Exercise directions →
Pictures aside, print all of the data below exactly as written.

Given information →
+ + + + +

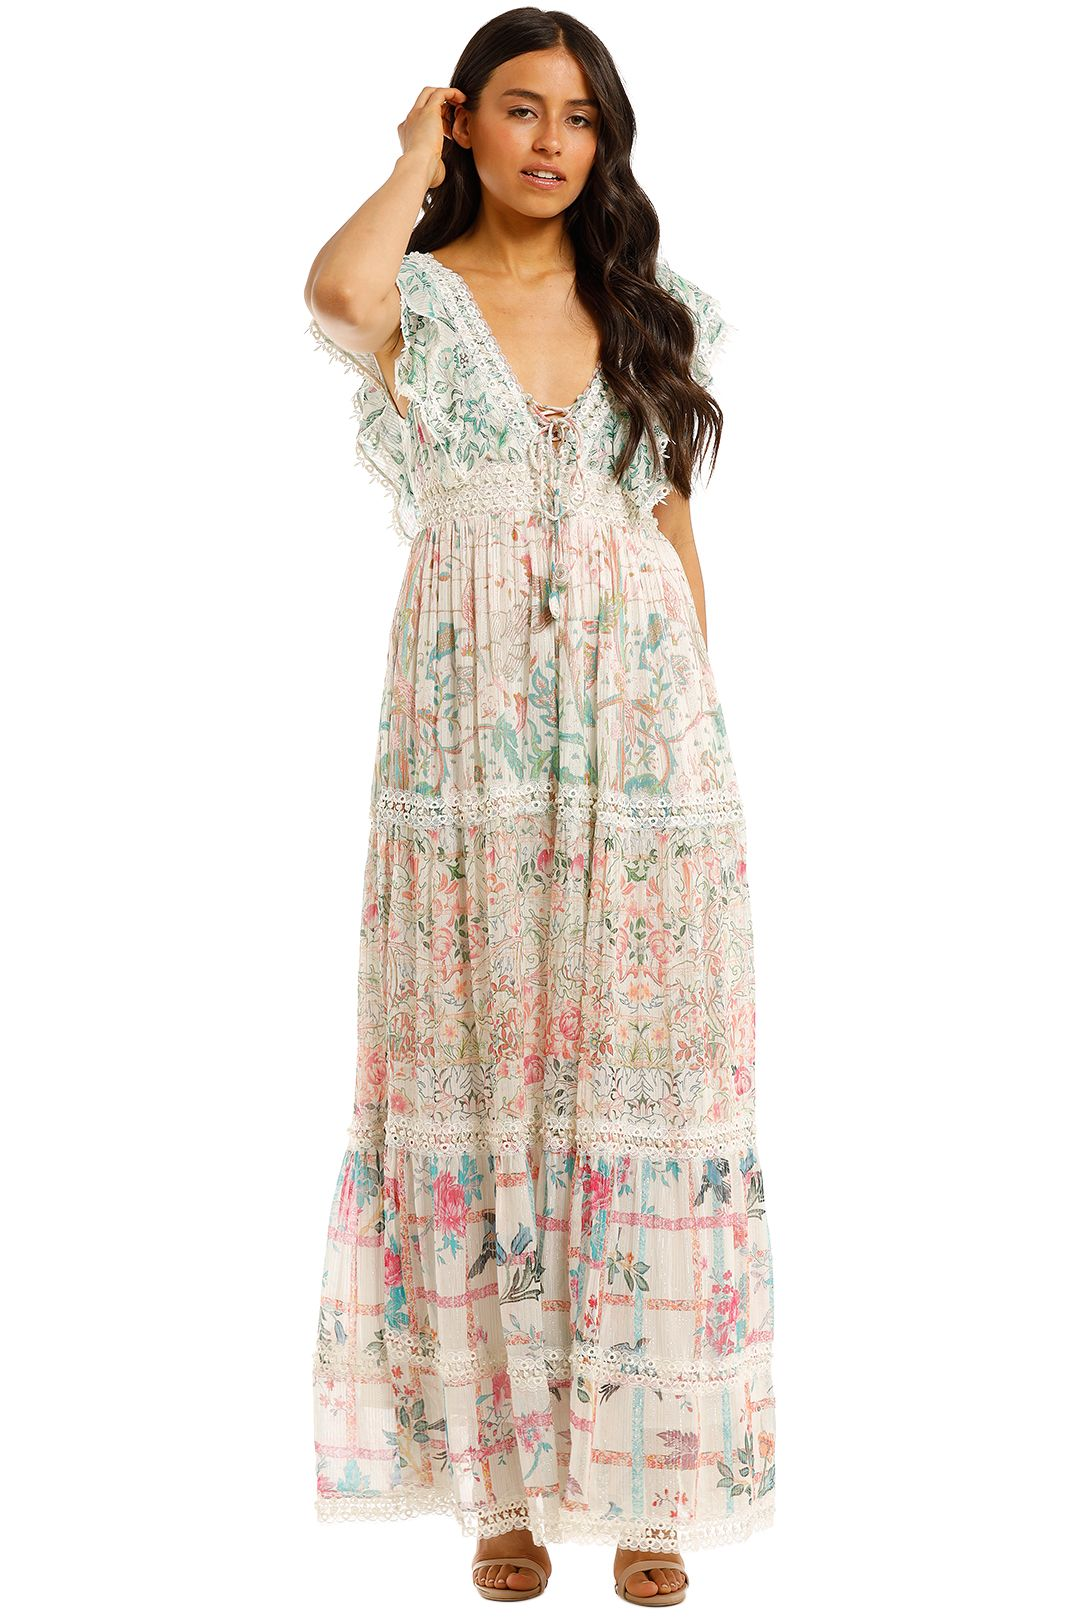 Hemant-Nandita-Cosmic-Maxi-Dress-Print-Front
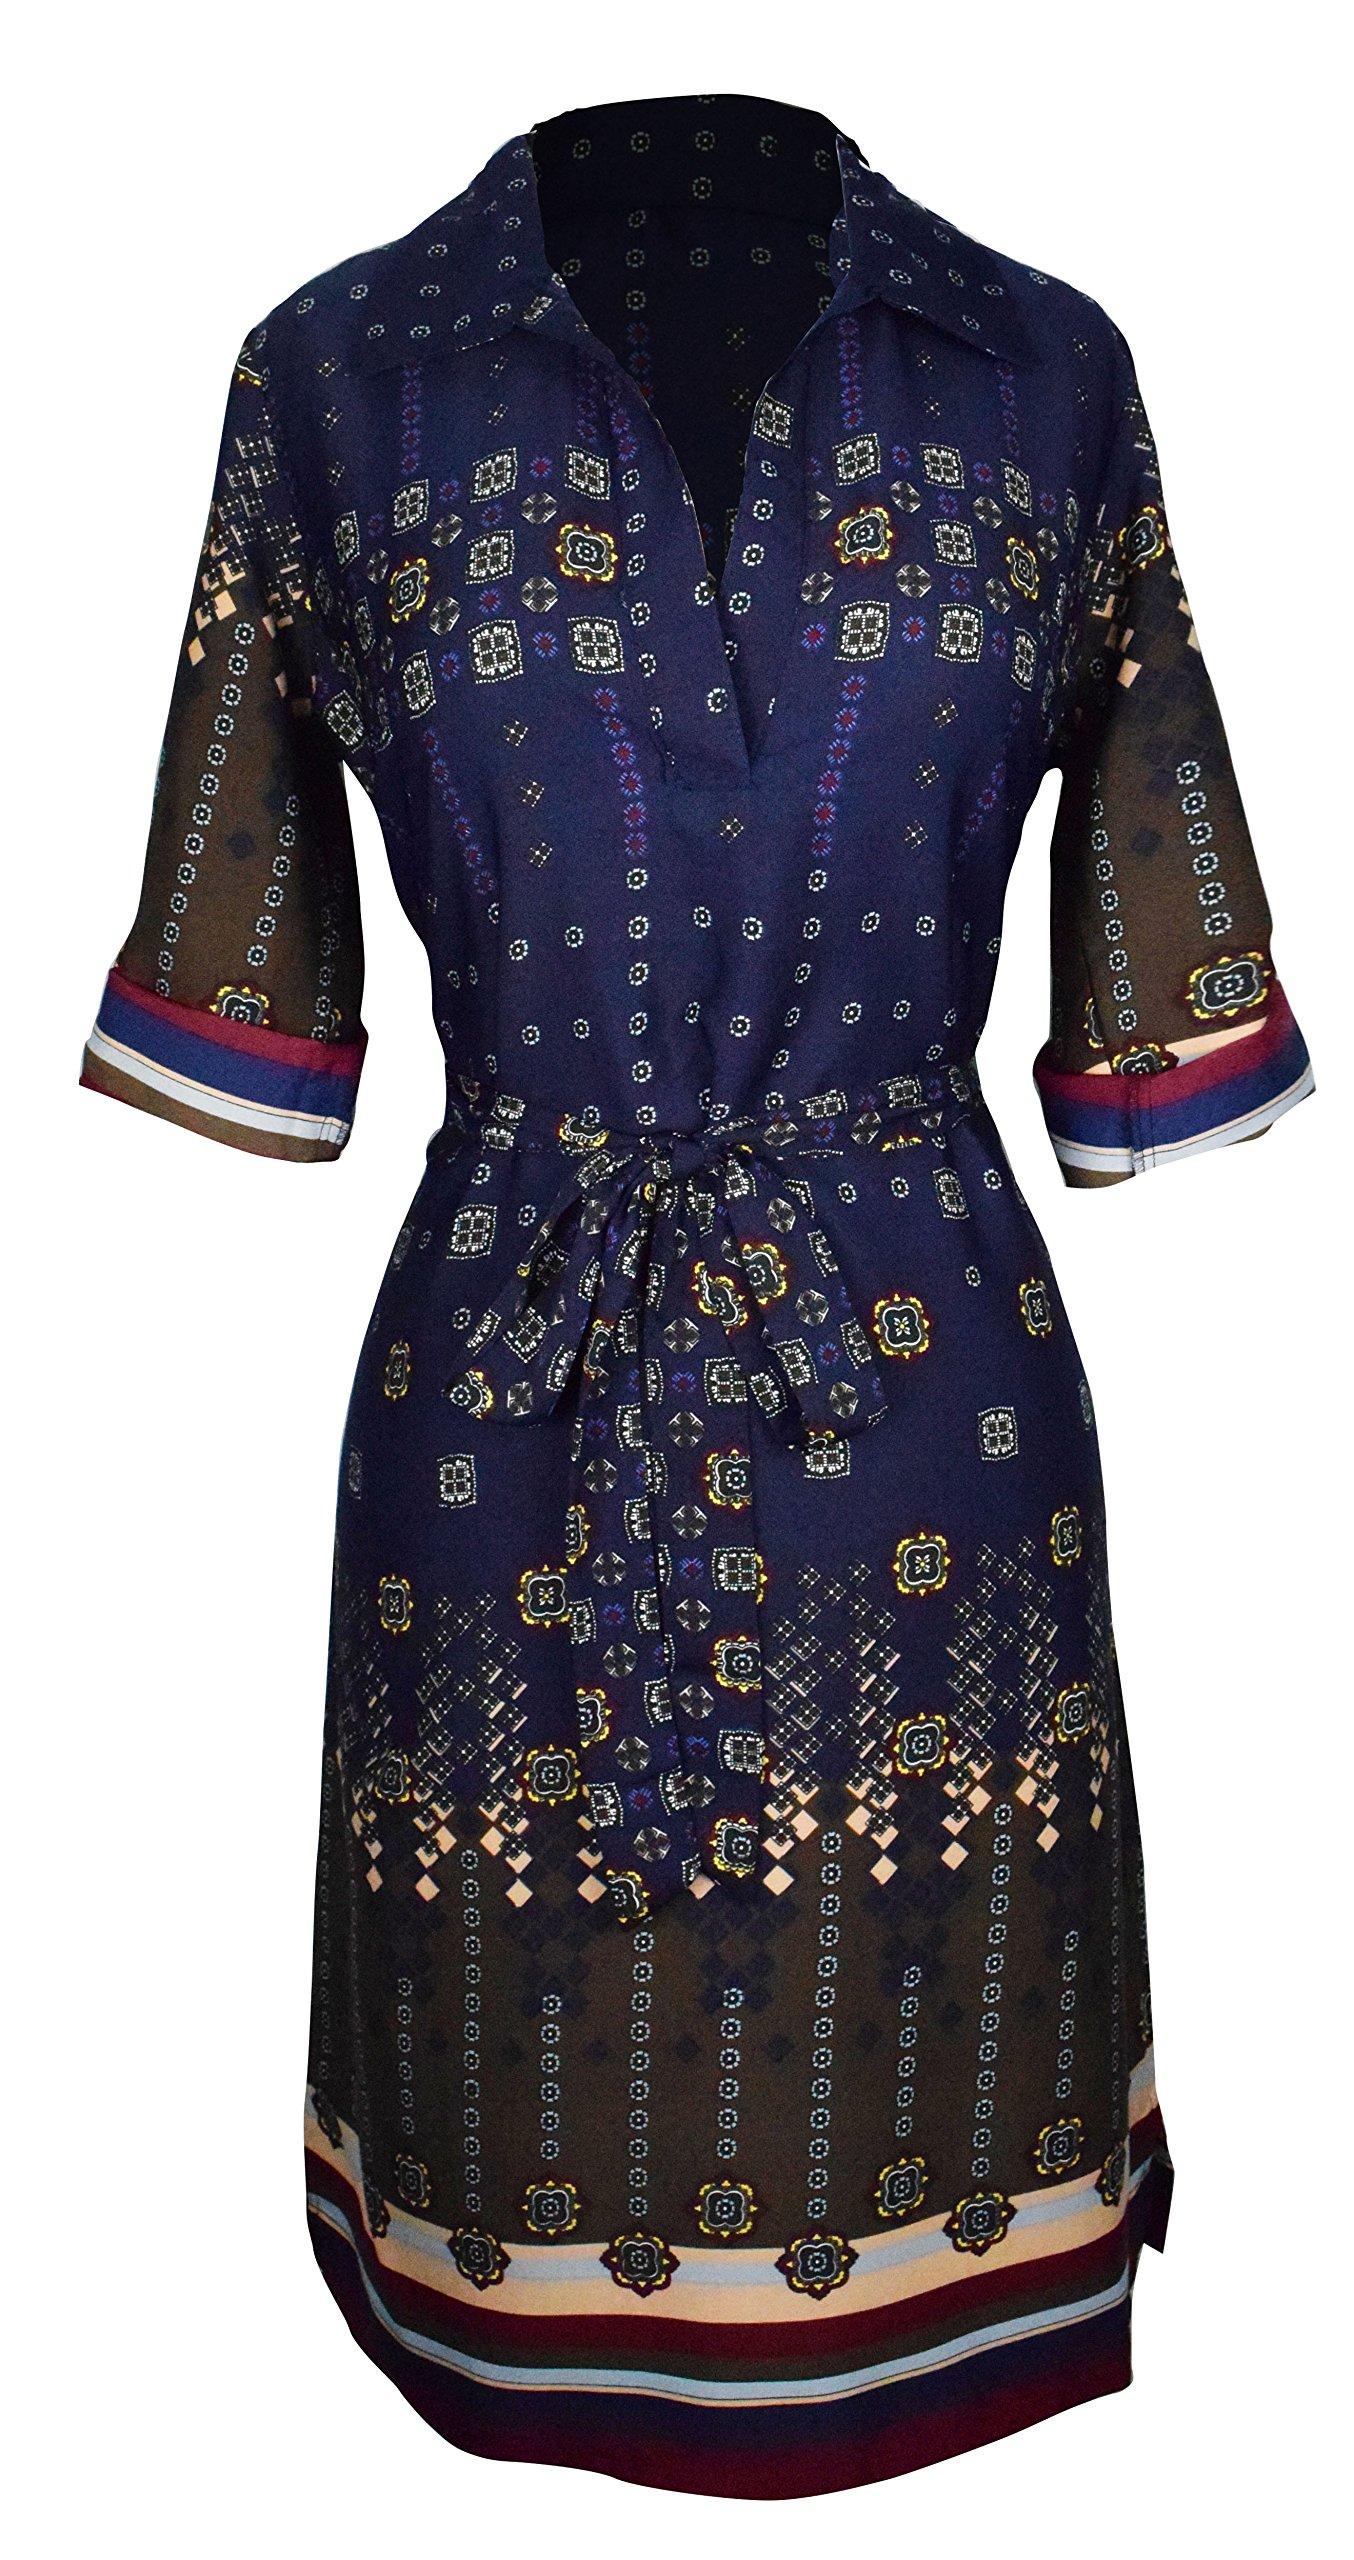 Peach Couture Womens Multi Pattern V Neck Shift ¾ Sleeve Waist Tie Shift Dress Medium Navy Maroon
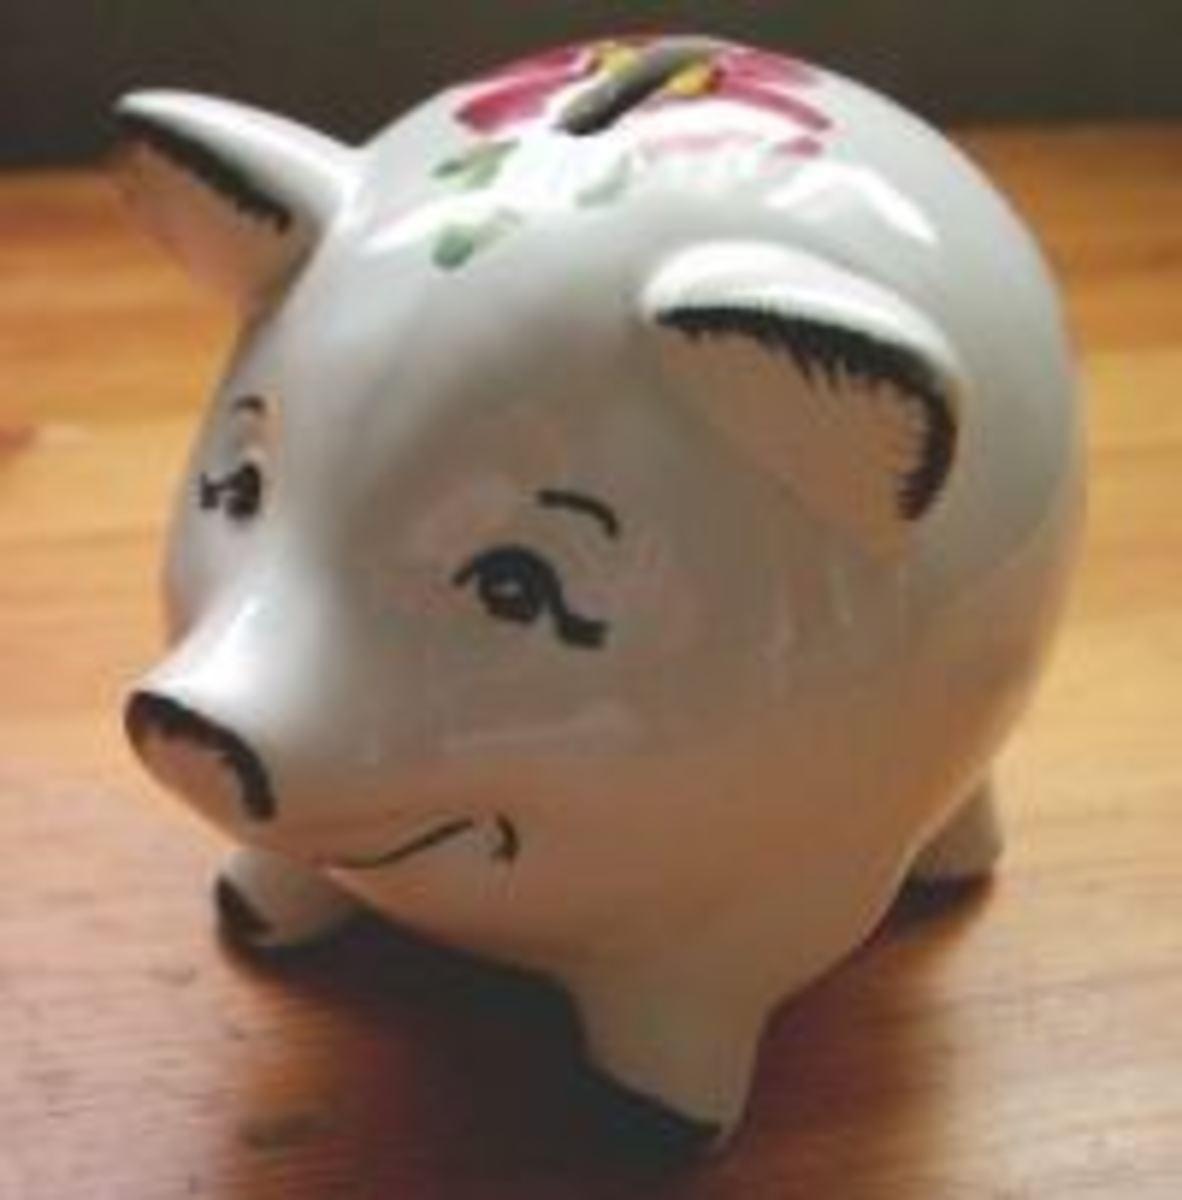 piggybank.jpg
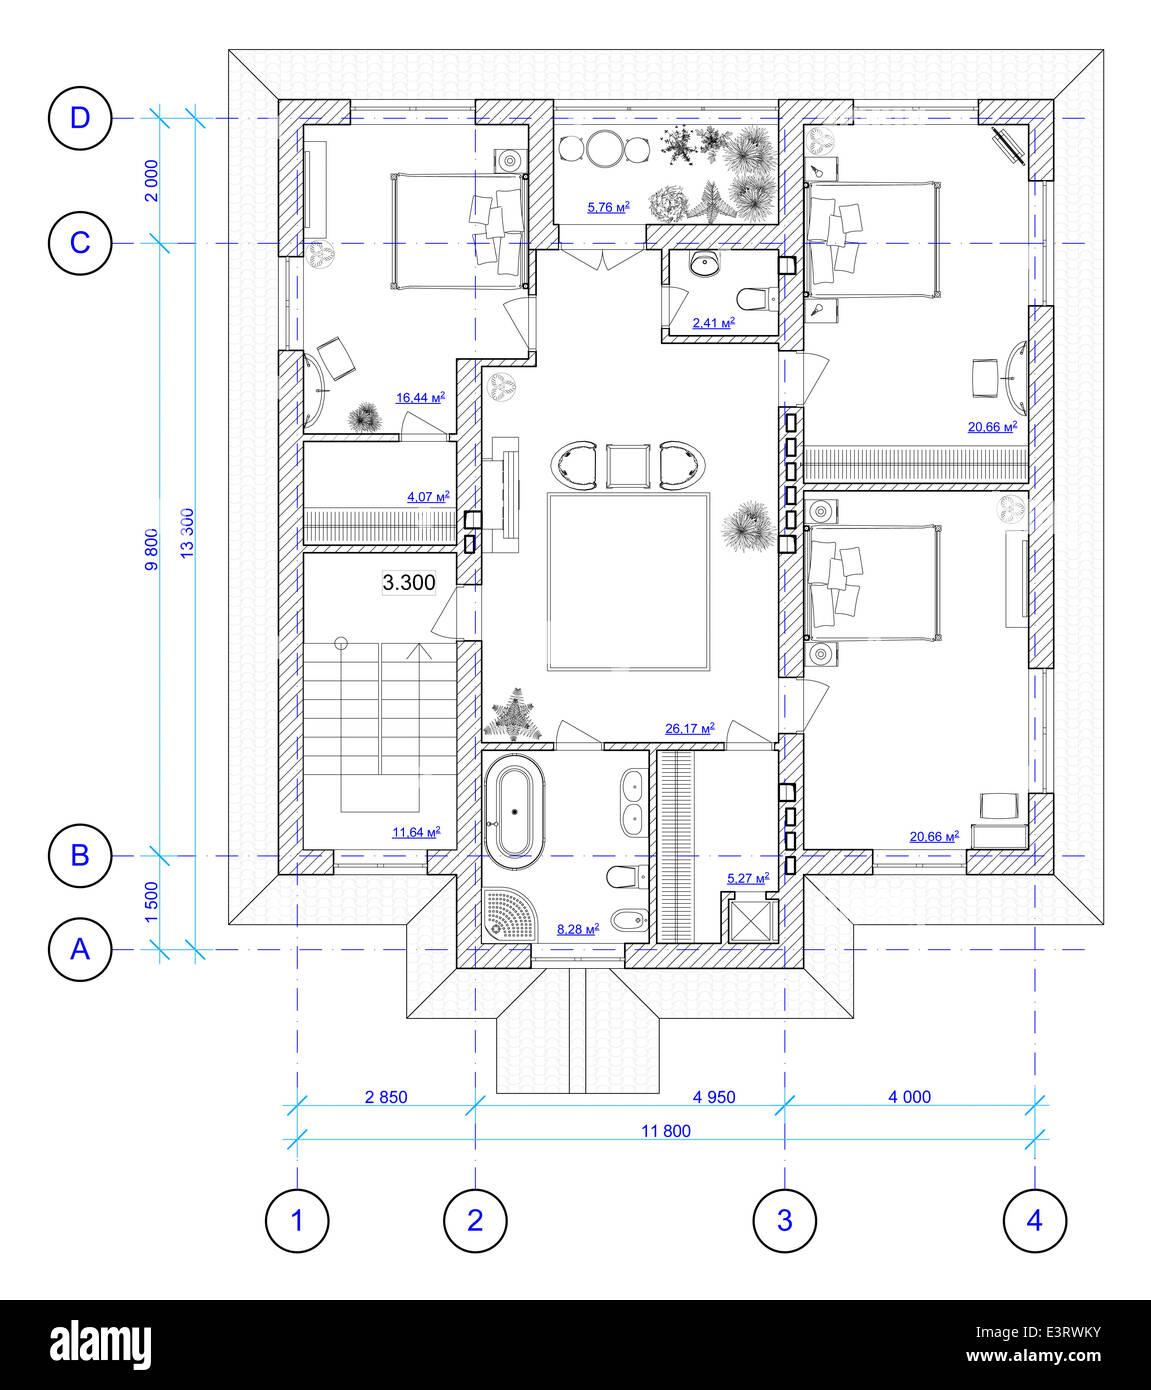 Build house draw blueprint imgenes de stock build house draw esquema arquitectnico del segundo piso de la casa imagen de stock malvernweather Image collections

+ + + + +

Result of this task →
 Hemant-Nandita-Cosmic-Maxi-Dress-Print-Front
 Peach Couture Womens Multi Pattern V Neck Shift ¾ Sleeve Waist Tie Shift Dress Medium Navy Maroon
 piggybank.jpg
 Build house draw blueprint imgenes de stock build house draw esquema arquitectnico del segundo piso de la casa imagen de stock malvernweather Image collections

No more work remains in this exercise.